Schon vor jahren schrieb ich hier im Forum (wo, weiß ich jetzt nicht!) dass es am optimalsten wäre, all diese Fakten auf der Gesundheitskarte speichern zu können. Ich schrieb sogar an Herrn Spahn eine E-mail, die Antwort war entsprechend nichtssagend bis "gar nix"... politikertypisch eben!

Die KKV erklärte mir, dass das wegen Datenschutzproblemen nicht so einfach gehe... genaue Argumentation habe ich vergessen.
Kann sein, dass das auch wegen dem entstehenden Arbeitsaufwand abgewiegelt wird.

Die Gesundheitskarte wär m.E. nach wie vor das perfekt Überschaubare, weil es sofort abgefragt werden kann.

Gibt es hierzu neue Regelungen, Planungen ect. ?

Werde meine KKV die nächsten Tage nochmals interviewen...
»Für mich bleibt es wichtig, dass mein mittlerweile gültiger Denkansatz respektiert wird: "Ich bin alt genug, um notfalls auch sterben zu dürfen!"«
Solange das »nur« Gedanken sind, kann das keine Wirkung haben. ;-)

»Der von mir verlinkte Artikel ist hierzu interessant, weil sich das gesetzlich verankerte Recht auf "Patientenverfügung" und andererseits "unterlassene Hilfeleistung" für Dritte oftmals ziemlich beissen.«
Deshalb gibt es die Möglichkeit die Modifikation der Garantenpflicht entsprechend zu dokumentieren, die natürlich erst wirken kann (wie die Patientenverfügung auch), wenn sie von einem gesetzlichen Vertreter vorgelegt und auf deren Beachtung bestanden wird (nicht immer einfach).

»Somit bleibt sehr oft die sog.

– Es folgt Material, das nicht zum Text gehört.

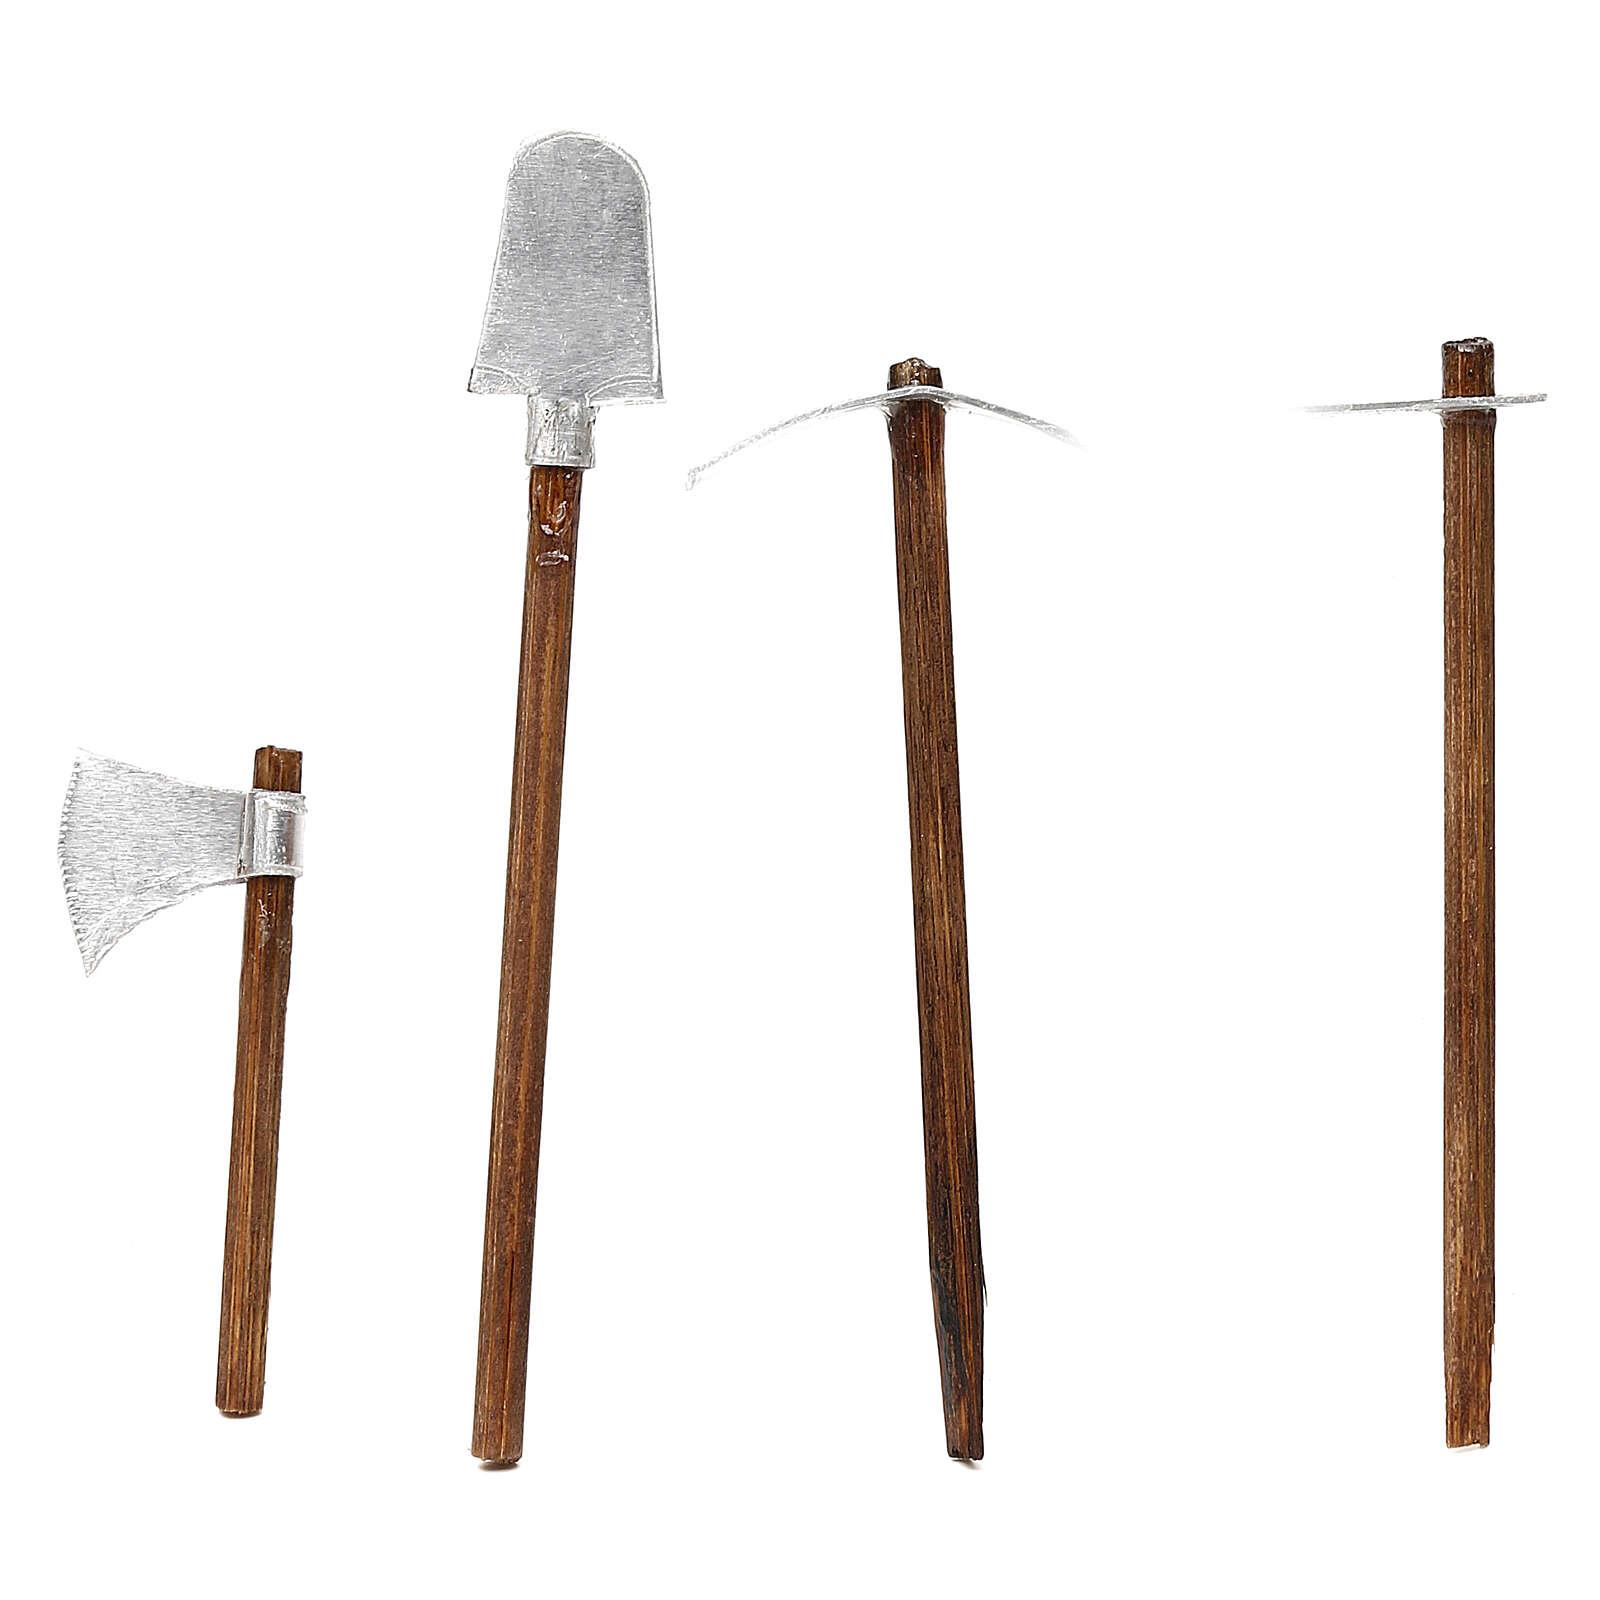 Work tools four models, 8 cm Neapolitan nativity 4

Patientenverfügung, bzw. das dokumentierte gewünschte "Sterben dürfen" leider einfach wirkungslos.«
Es gibt i. d. R. zwei Gründe dafür:
1. untaugliche/unkonkrete Patientenverfügungen,
2. ungeeignete oder fehlende rechtliche Vertreter.

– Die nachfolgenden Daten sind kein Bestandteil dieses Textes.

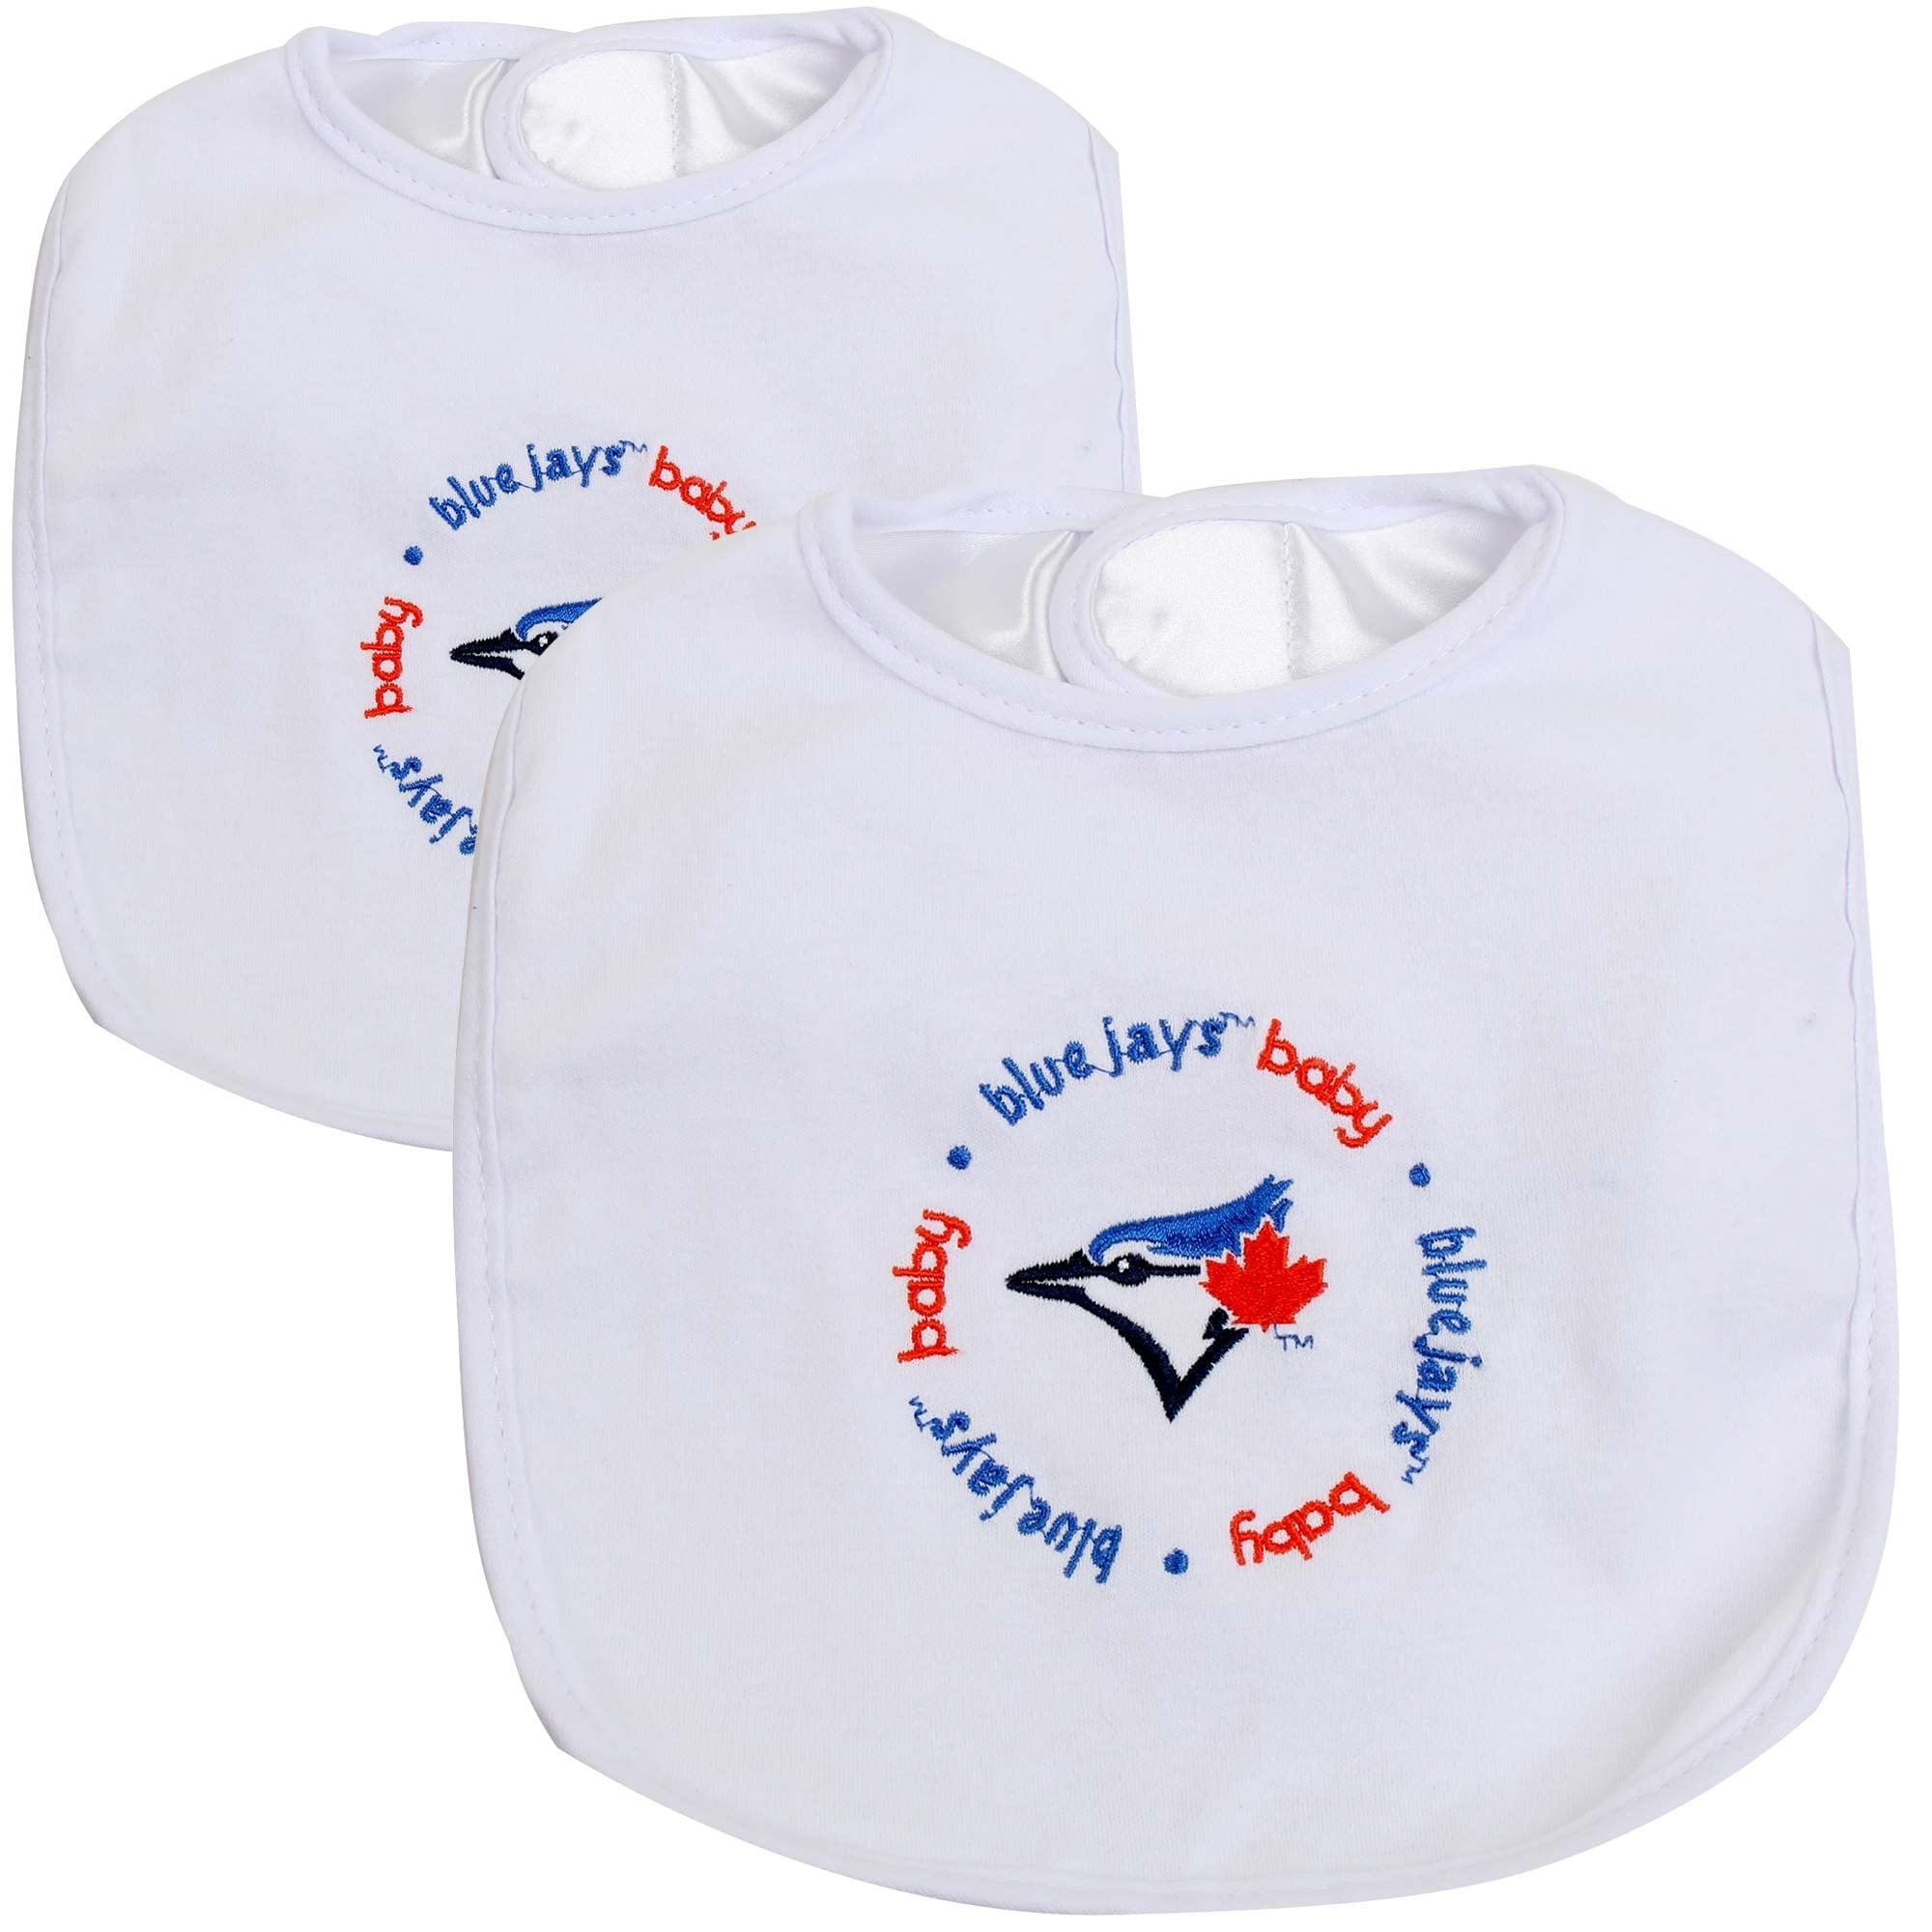 Toronto Blue Jays 2-Pack Baby Bibs - White

»Jeder verantwortungsvoll agierende Arzt wird sich nach seinen erlernten Grundsätzen orientieren und notfalls gegen den bekundeten Patientenwillen entscheiden. Er steht/sitzt ja auch zwischen allen Stühlen...«
Jeder verantwortungsvolle Arzt hat sich an Recht und Gesetz zu halten. Demnach haben der Wille des Patienten, seine Würde und Humanität höchste Priorität.

»...und womöglich riskiert er sogar, vor dem Kadi zu landen!«
Wenn der nachweisbare Wille des Patienten missachtet wird, leider zu oft nicht.
»Wenn alle Patientenwünsche eindeutig ankreuzbar, bzw. formuliert wären, würde ihm noch dazu die Zeit fehlen, diese dann sehr umfangreiche Niederschrift zu studieren.«
Patientenverfügungen sind i. d. R. nicht im Notfall anwendbar, es sei denn die Person ist in einer Obhut, wo die Patientenverfügung bereits inhaltlich bekannt ist. Wenn die Rettung erfolgreich war, kann der Patient selber entscheiden, wie es weitergehen soll; wenn nicht, muss geprüft werden, ob die Patientenverfügung bereits beachtet werden muss; wenn ja, muss unter palliativmedizinischer Betreuung die weitere Behandlung eingestellt werden.